Tous les sentiments humains sont convoqués pour faire face au danger imminent, cette terrible brume qui nous envahit mais, oh miracle, épargne les enfants.

Je fais partie du film. Nous faisons tous partie de ce mauvais film. Cachés sous nos masques, nous sommes tous des personnages en puissance. Les gentils restaurateurs, les méchants conspirationnistes, ceux qui profitent du chaos pour se refaire un compte en banque, les poètes empêchés, les jeunes étourdis, les vieux effrayés qui n’ont pas envie de disparaître avant la fin du film. Tous. Et vous, qui aimeriez-vous être? Celui qui risque sa vie pour aller chercher des provisions ou celui trahit la communauté pour quelques racines comestibles?

Moi je ne sais pas. Difficile à dire.
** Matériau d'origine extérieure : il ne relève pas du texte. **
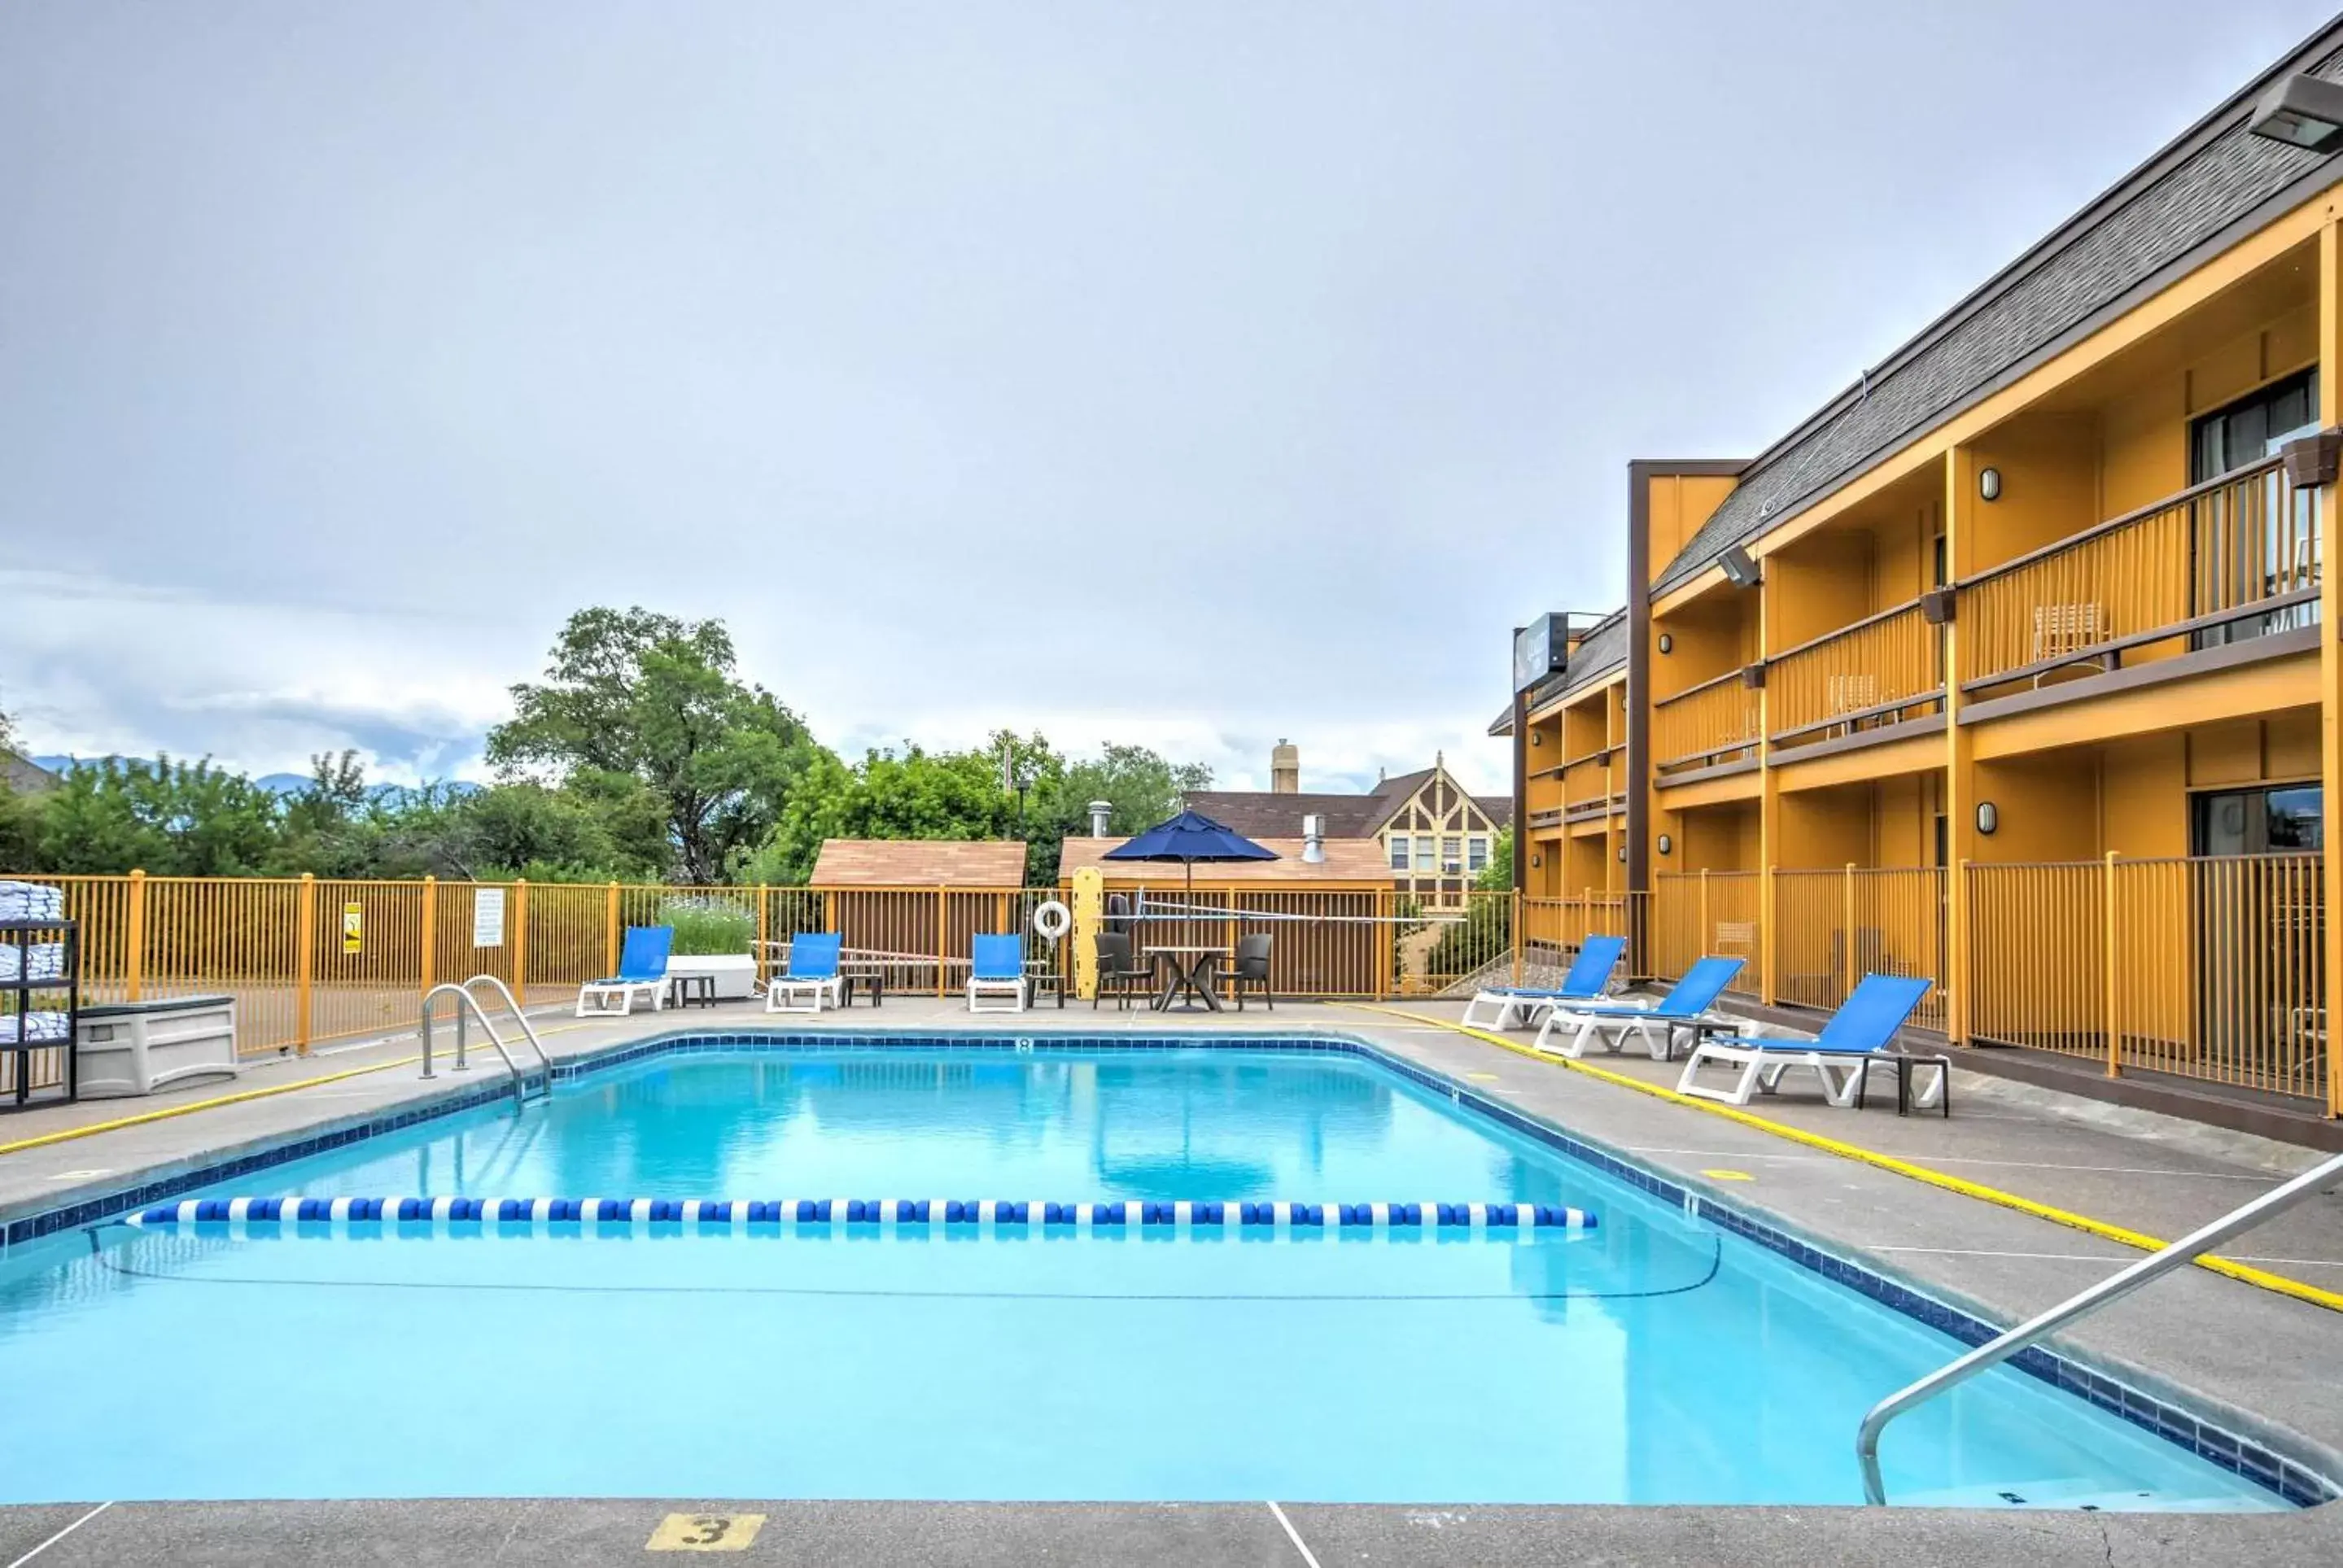 On site, Swimming Pool in Quality Inn Big Sky

Dans l’idéal, j’aimerais avoir le rôle principal, celui du type qui doute. Mais, en face du danger, on est étonné parfois par ses propres réactions. Ça s’appelle l’instinct de survie. Et ça, c’est sans appel.

Allez, c’est promis, au troisième confinement, j’arrête les horreurs. Et je lis des trucs sur le «mieux vivre ensemble». Tiens, je vais relire l’intégrale des Schtroumpfs!